Supplied records:
○ ○ ○

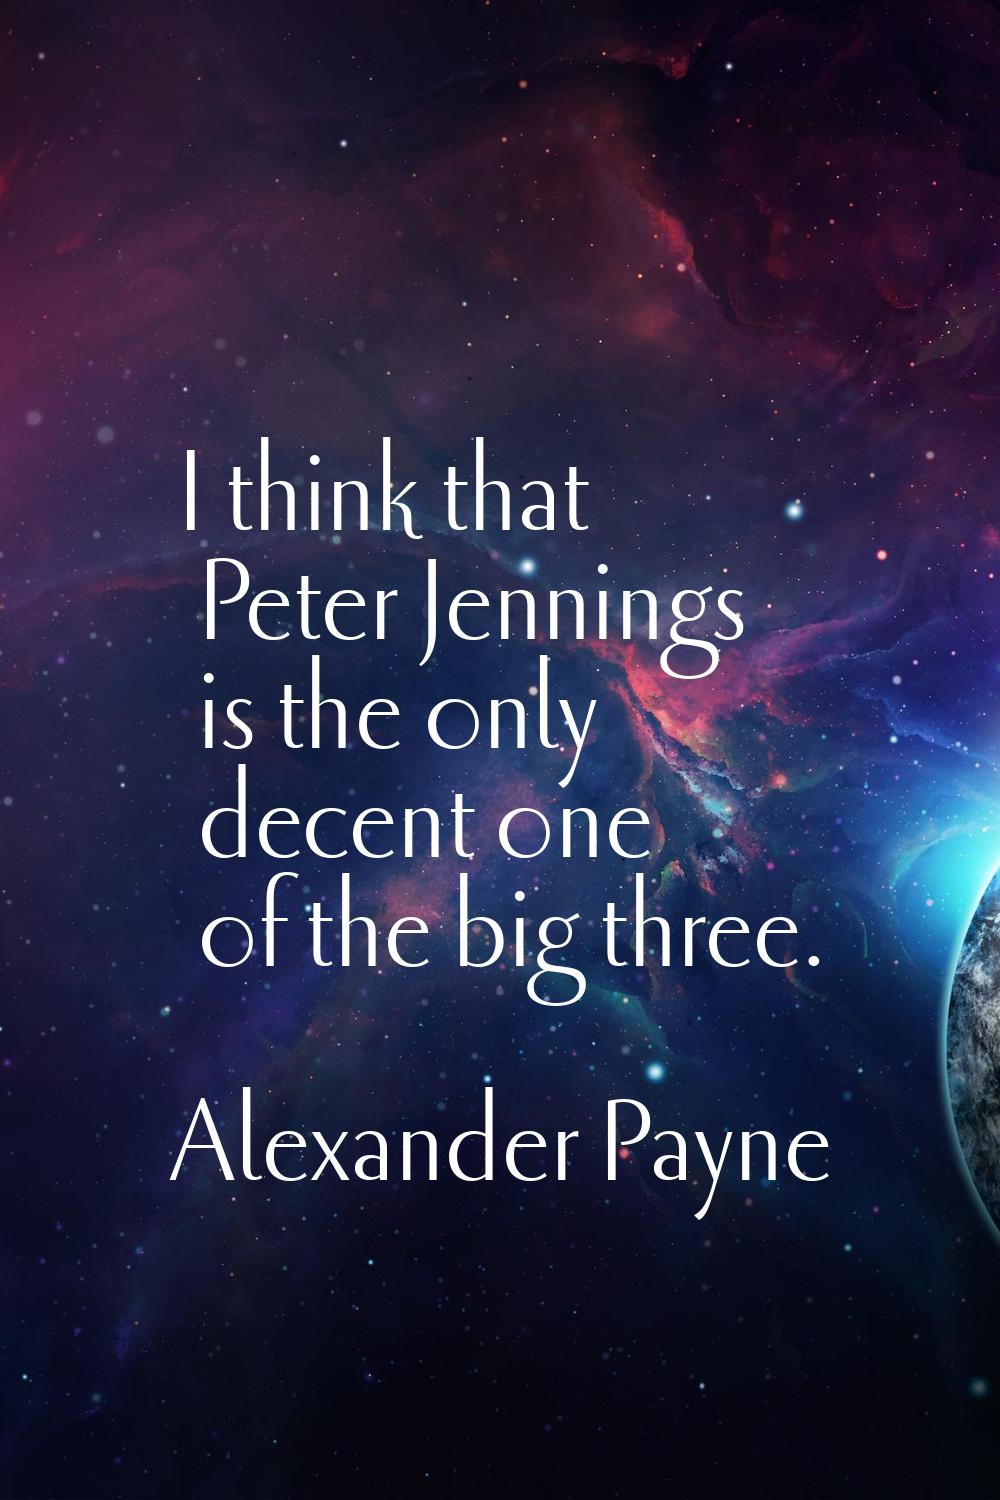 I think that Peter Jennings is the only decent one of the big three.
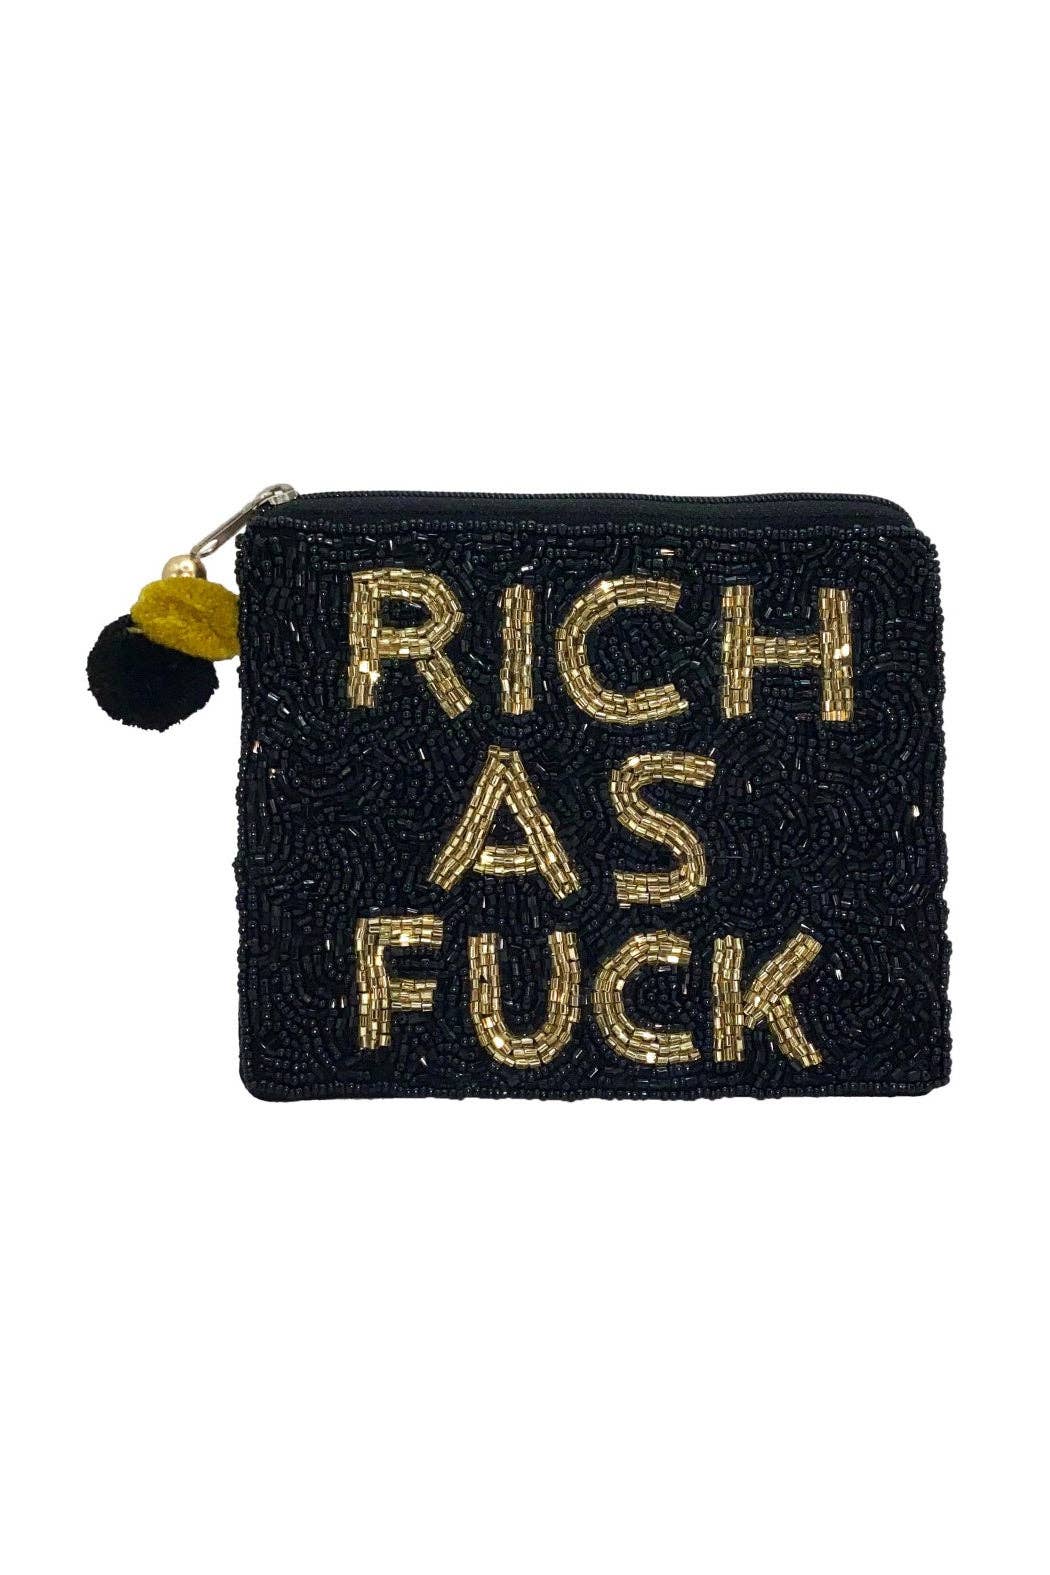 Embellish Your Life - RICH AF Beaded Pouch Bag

○ ○ ○

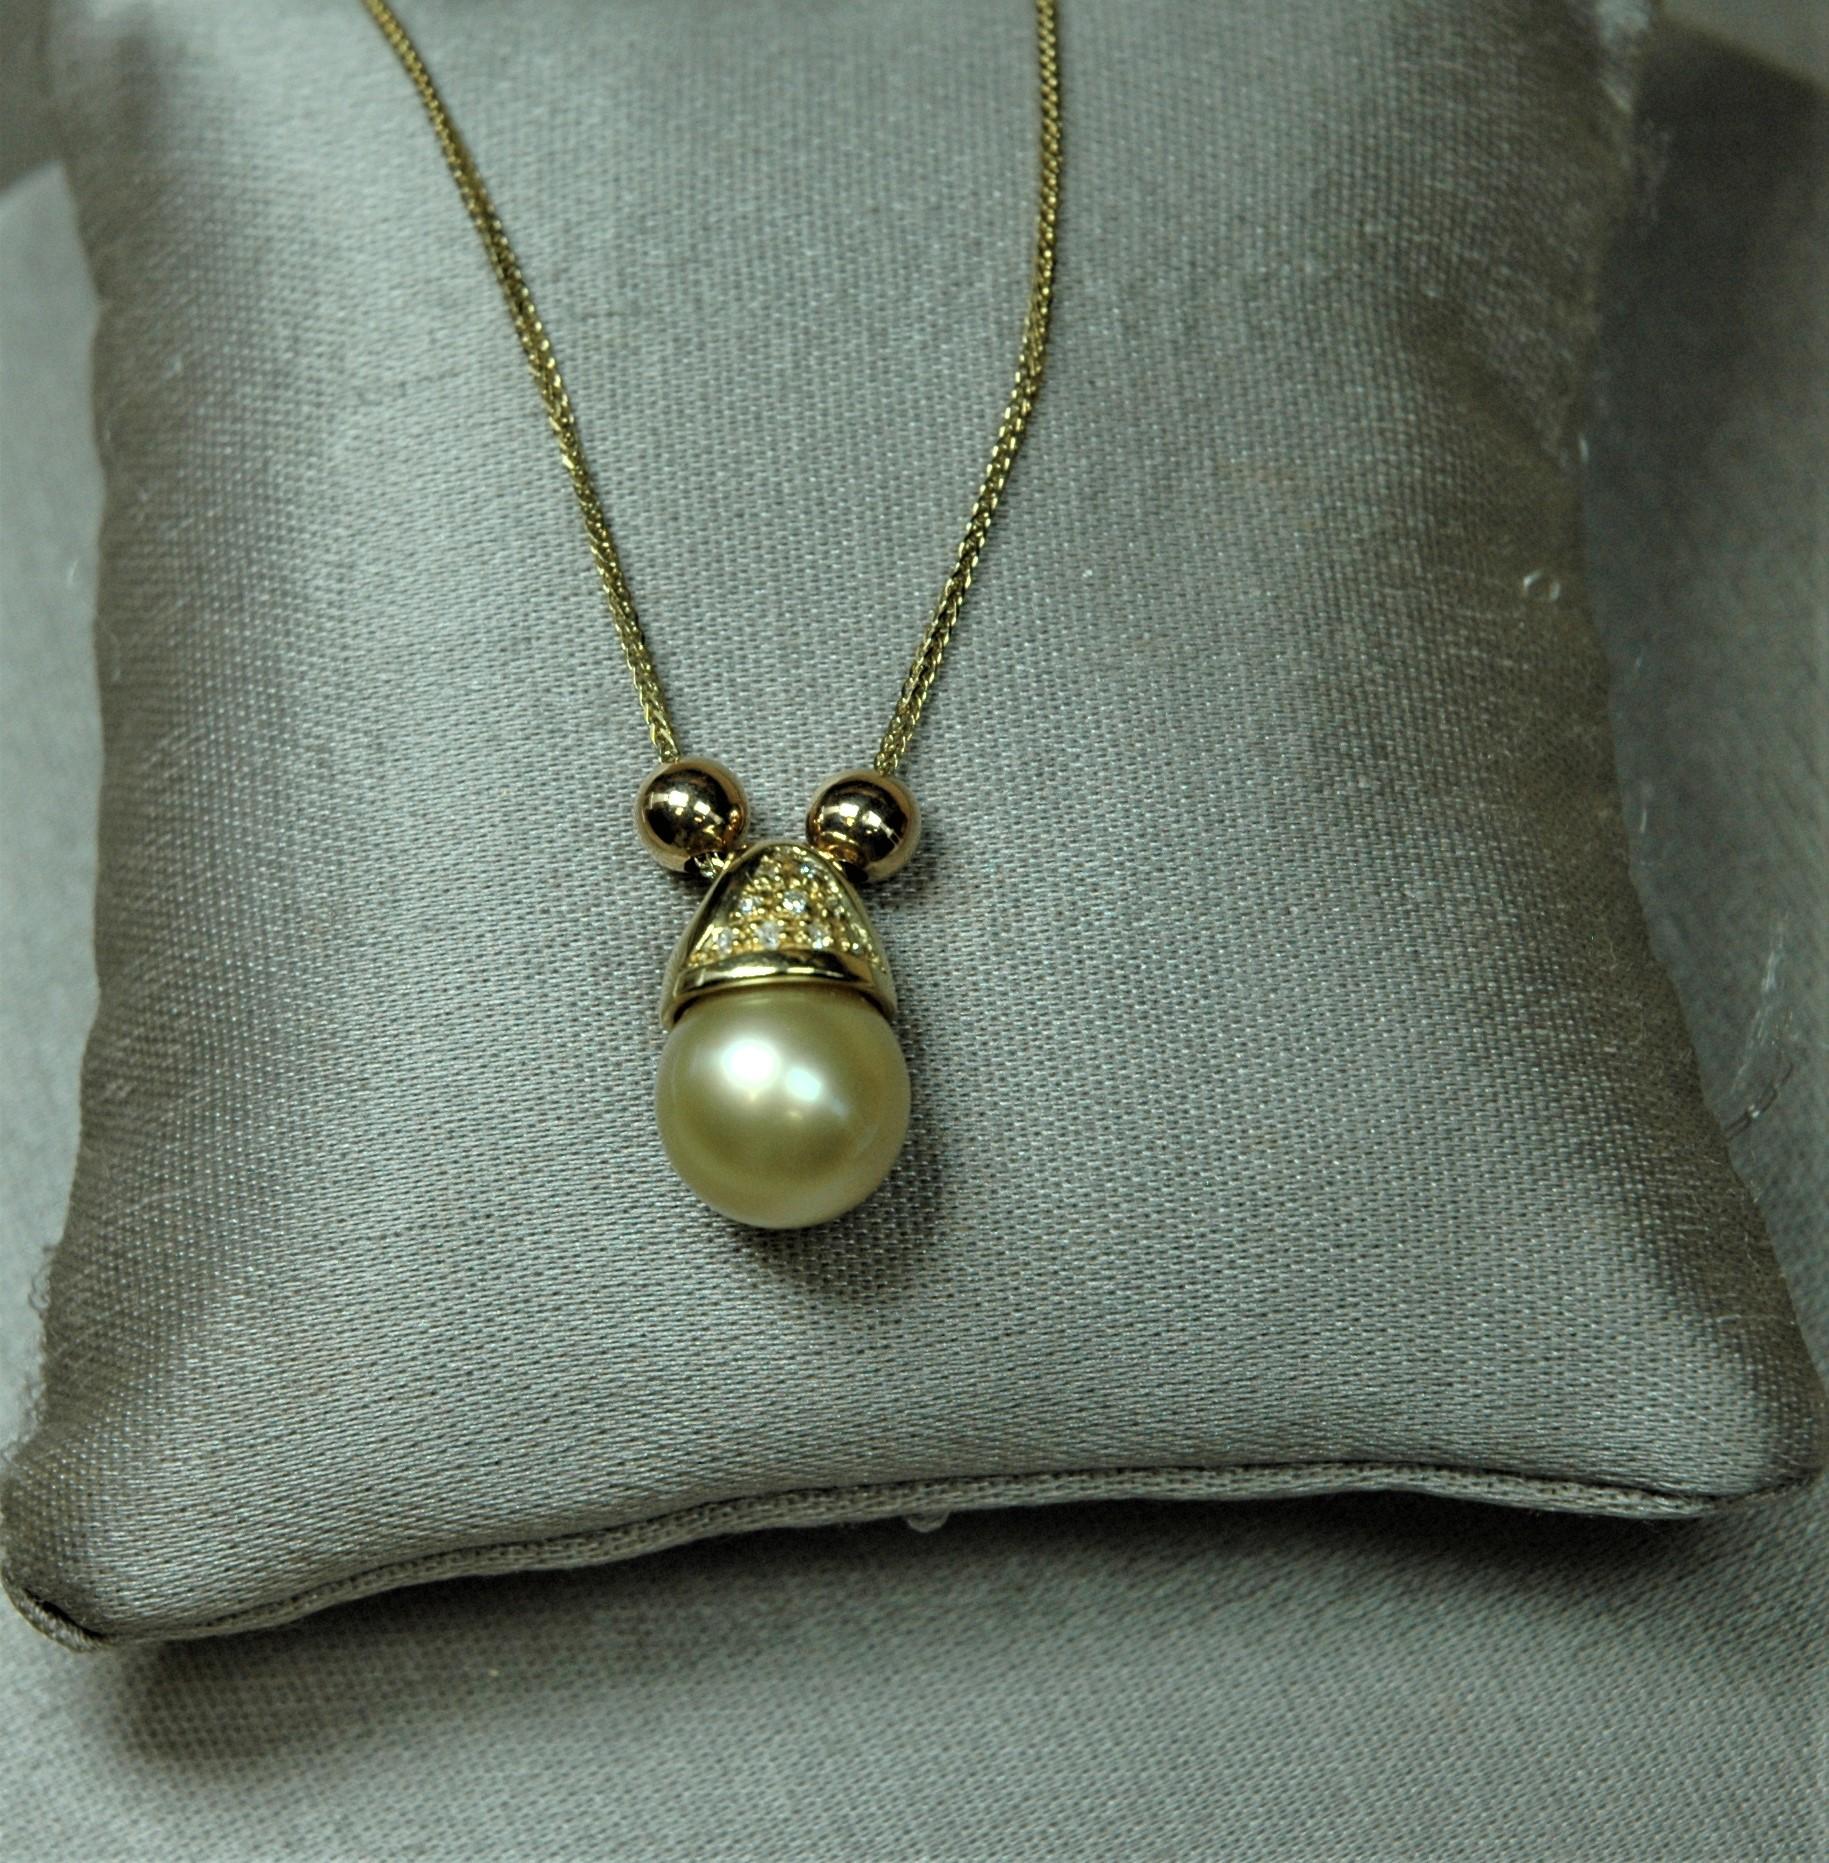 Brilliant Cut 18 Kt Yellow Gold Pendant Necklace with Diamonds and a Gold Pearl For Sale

○ ○ ○

Work request: From the records above, copy only the lines running from the line containing "I think that" to the line containing "Embellish Your Life", both ends included. Leave the pictures out.

Answer for the task:
 I think that Peter Jennings is the only decent one of the big three.
 Embellish Your Life - RICH AF Beaded Pouch Bag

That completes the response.